Gegen den VfL Bochum spielt der VfB zum zweiten Mal in Folge Unentschieden und zeigt eine teilweise erschreckende Darbietung. Nach den Erfolgen der letzten Wochen fragt man sich: Warum?
Dass die Siegesserie irgendwann enden musste, war jedem VfB-Fan klar. Dass sie mit einem in Unterzahl erkämpften Unentschieden beim Tabellenvierten zu Ende ging wurde, auch von mir, fast wie ein Sieg gefeiert. Denn schließlich zeigte der VfB gegen Eintracht Braunschweig — vielleicht abgesehen von individueller defensiver Dusseligkeit und der unterzahlbedingten Offensivlosigkeit — alles, was einen Aufsteiger ausmacht: Eine stabile Defensive und die mannschaftliche Geschlossenheit sowie den Willen, hier nicht als Verlierer vom Platz zu gehen. Zudem hatte man einen Verfolger damit auf Distanz gehalten. So konnte es also eigentlich weitergehen.

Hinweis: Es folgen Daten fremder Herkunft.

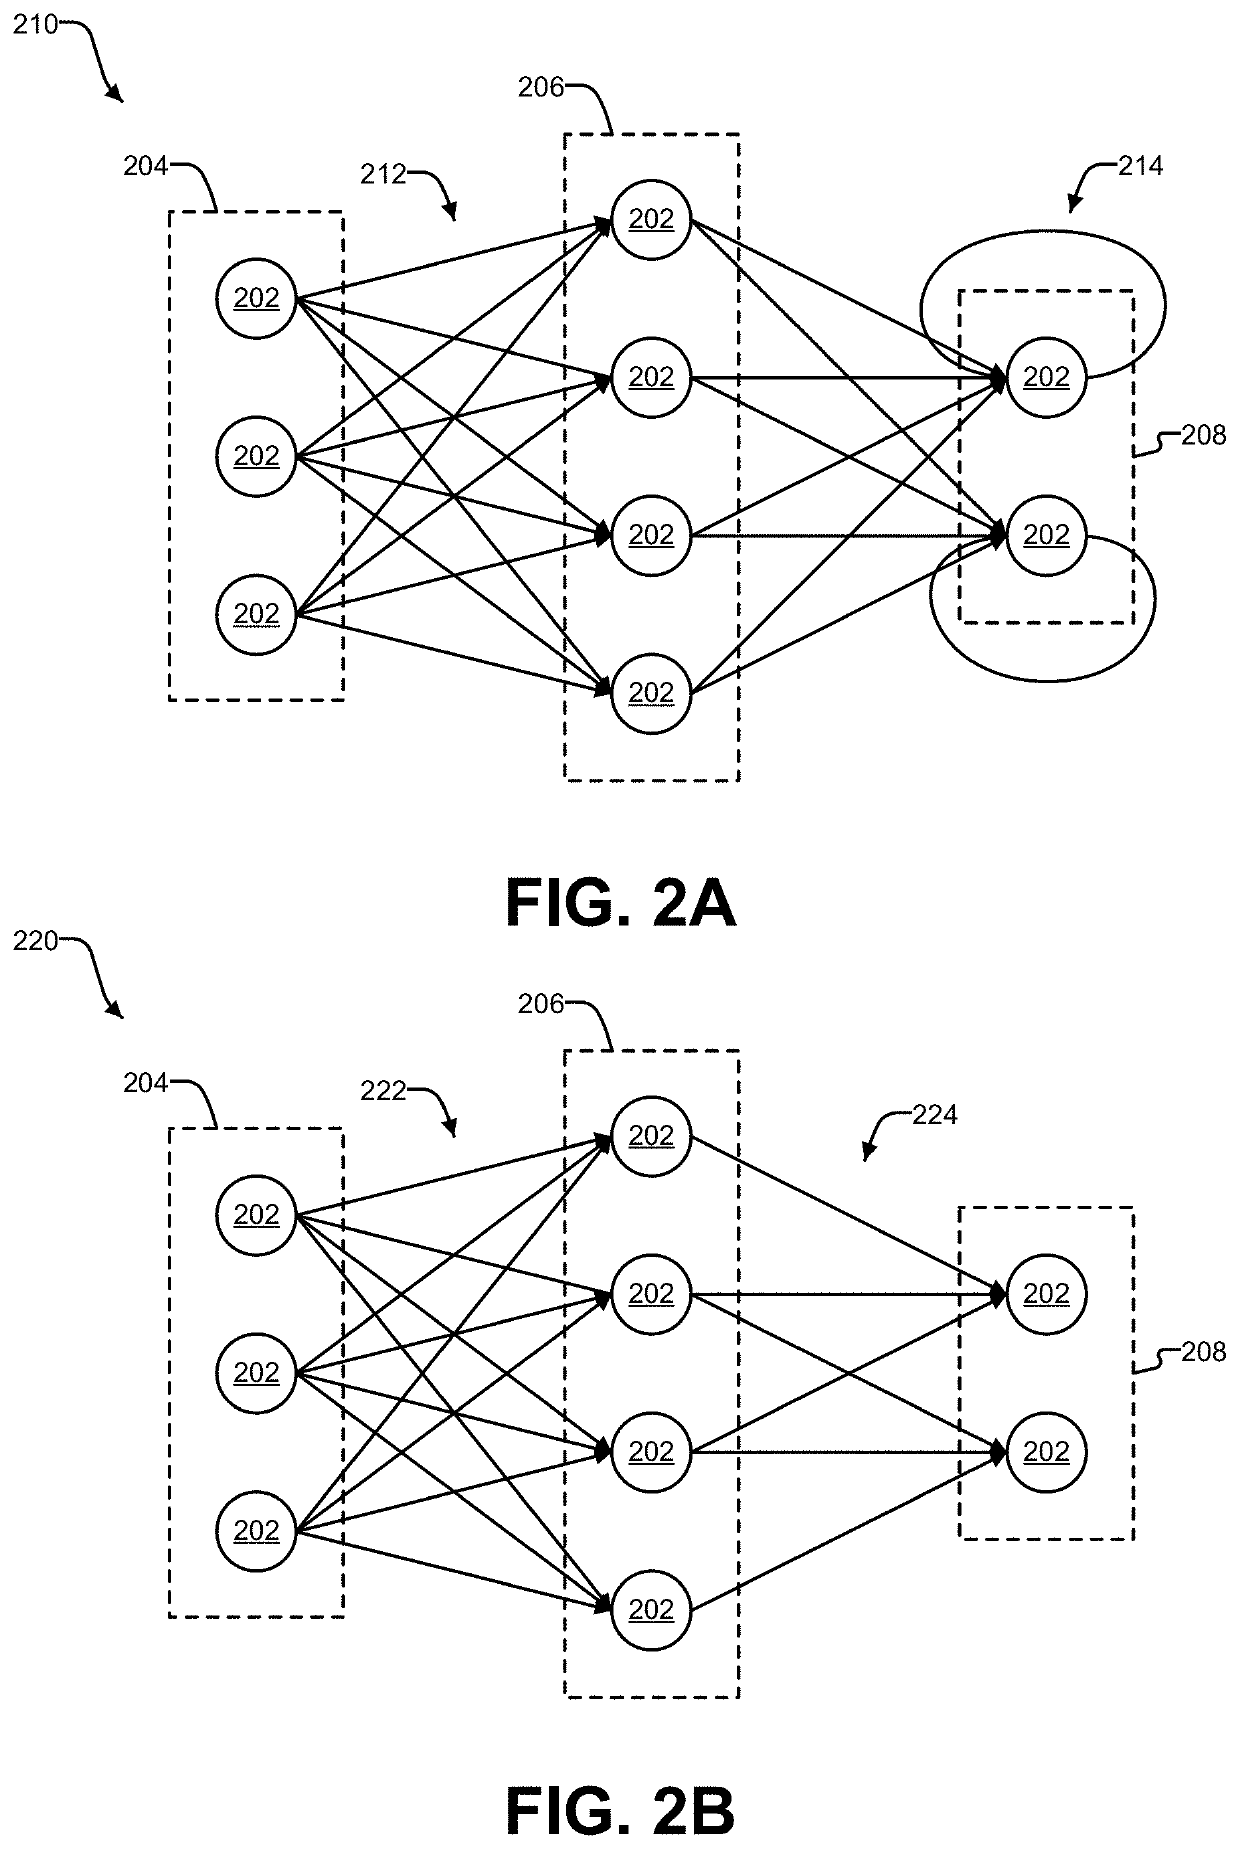 Bandwidth compression for neural network systems

Eine erbärmliche erste Halbzeit
Wie der Freitagabend gegen den VfL Bochum zeigte, war das nicht der Fall. Alles was die Brustringträger beim 1:1 am Montag richtig gemacht hatten, machten sie beim 1:1 am Freitag falsch. Die erste Halbzeit war so dermaßen erbärmlich, nicht nur im Vergleich zu Montag sondern auch verglichen mit den anderen Spielen in diesem Kalenderjahr, dass man gar nicht weiß, wo man anfangen soll. Eines war offensichtlich: Der VfB war dem Engagement seines Gegners zumindest vor der Pause zu keiner Zeit gewachsen. Der Tabellenelfte spielte die Gastgeber regelrecht an die Wand.

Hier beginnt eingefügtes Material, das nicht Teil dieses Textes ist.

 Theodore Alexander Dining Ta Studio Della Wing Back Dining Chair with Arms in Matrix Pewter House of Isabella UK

Am deutlichsten wurde das beim 0:1, als plötzlich ohne Not ein Bochumer Stürmer völlig frei vorm Strafraum den Ball erhielt. Was war da passiert? Der VfB war in der Rückwärtsbewegung und irgendwie fehlte hinten einer, beziehungsweise die Zuordnung. Sowohl Baumgartl als auch Pavard und auch der für diese Seite zuständige Insua waren meilenweit weg und so war es für die Gäste das Einfachste auf der Welt, in Führung zu gehen. Zu diesem Zeitpunkt völlig verdient.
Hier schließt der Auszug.